It sounds like you may be suffering from two particular problems. The first issue that you are hitting is that your indexes require rebuilding everytime you perform an insert - are you really trying to run live reports of a transactional server (this is usually considered a no-no)? Secondly, you may also be hitting issues with the server having to resize the database - check to ensure that you have allocated enough space and aren't relying on the database to do this for you.
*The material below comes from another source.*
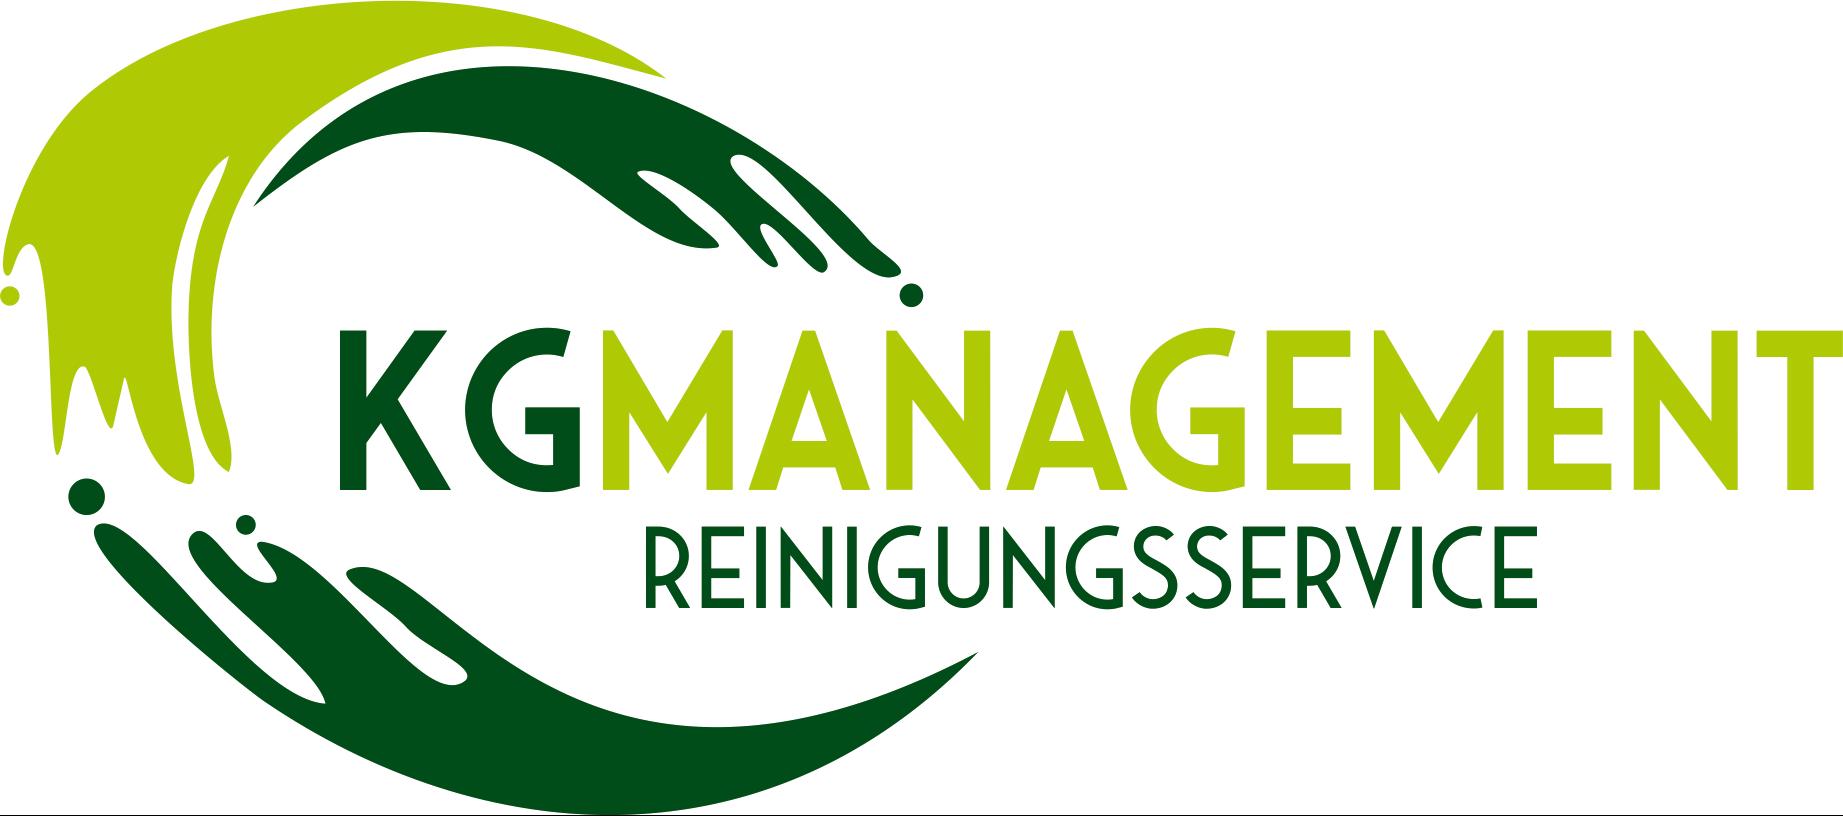 KG Management

Have you considered looking into something like indexed views in SQL Server? They are a good way to remove the indexing from the main table, and move it into a materialised view.
您可以尝试将表设为分区表 。这样索引更新将影响较小的行集。也许每日分区就足够了。如果没有,请尝试按小时分区!
You could try making the table a partitioned one. This way the index updates will affect smaller sets of rows. Probably daily partitioning will be sufficient. If not, try partitioning by the hour!
您没有提供足够的信息;我不确定为什么你说关系数据库似乎不适合,除了你现在遇到性能问题这一事实。 RDBMS 运行在什么类型的机器上?鉴于您有外国 ID,似乎关系数据库正是这里所需要的。假设 SQL Server 在足够的硬件上运行,它每天应该能够处理 3000 万次插入。
You aren't providing enough information; I'm not certain why you say that a relational database seems like a bad fit, other than the fact that you're experiencing performance problems now. What sort of machine is the RDBMS running on? Given that you have foreign ID's, it seems that a relational database is exactly what's called for here. SQL Server should be able to handle 30 million inserts per day, assuming that it's running on sufficient hardware.
鉴于交通繁忙,复制数据库进行报告似乎是最佳途径。但是,首先要尝试一些事情......
使用单个索引,而不是两个索引。聚集索引可能是比非聚集索引更好的选择。更少、更宽的索引通常会比较更多、更窄的索引表现得更好。而且,正如您所说,索引正在杀死您的应用程序。
您没有说明您使用的 ID,但如果您使用 GUID,您可能需要将密钥更改为 bigint。由于 GUID 是随机的,因此无论是在构建索引还是在使用索引时,它们都给索引带来了沉重的负担。使用 bigint 标识列将使索引几乎按时间顺序运行,如果您确实对实时访问最近数据的查询感兴趣,那么您的访问模式更适合单调递增的键。
Replicating the database for reporting seems like the best route, given heavy traffic. However, a couple of things to try first...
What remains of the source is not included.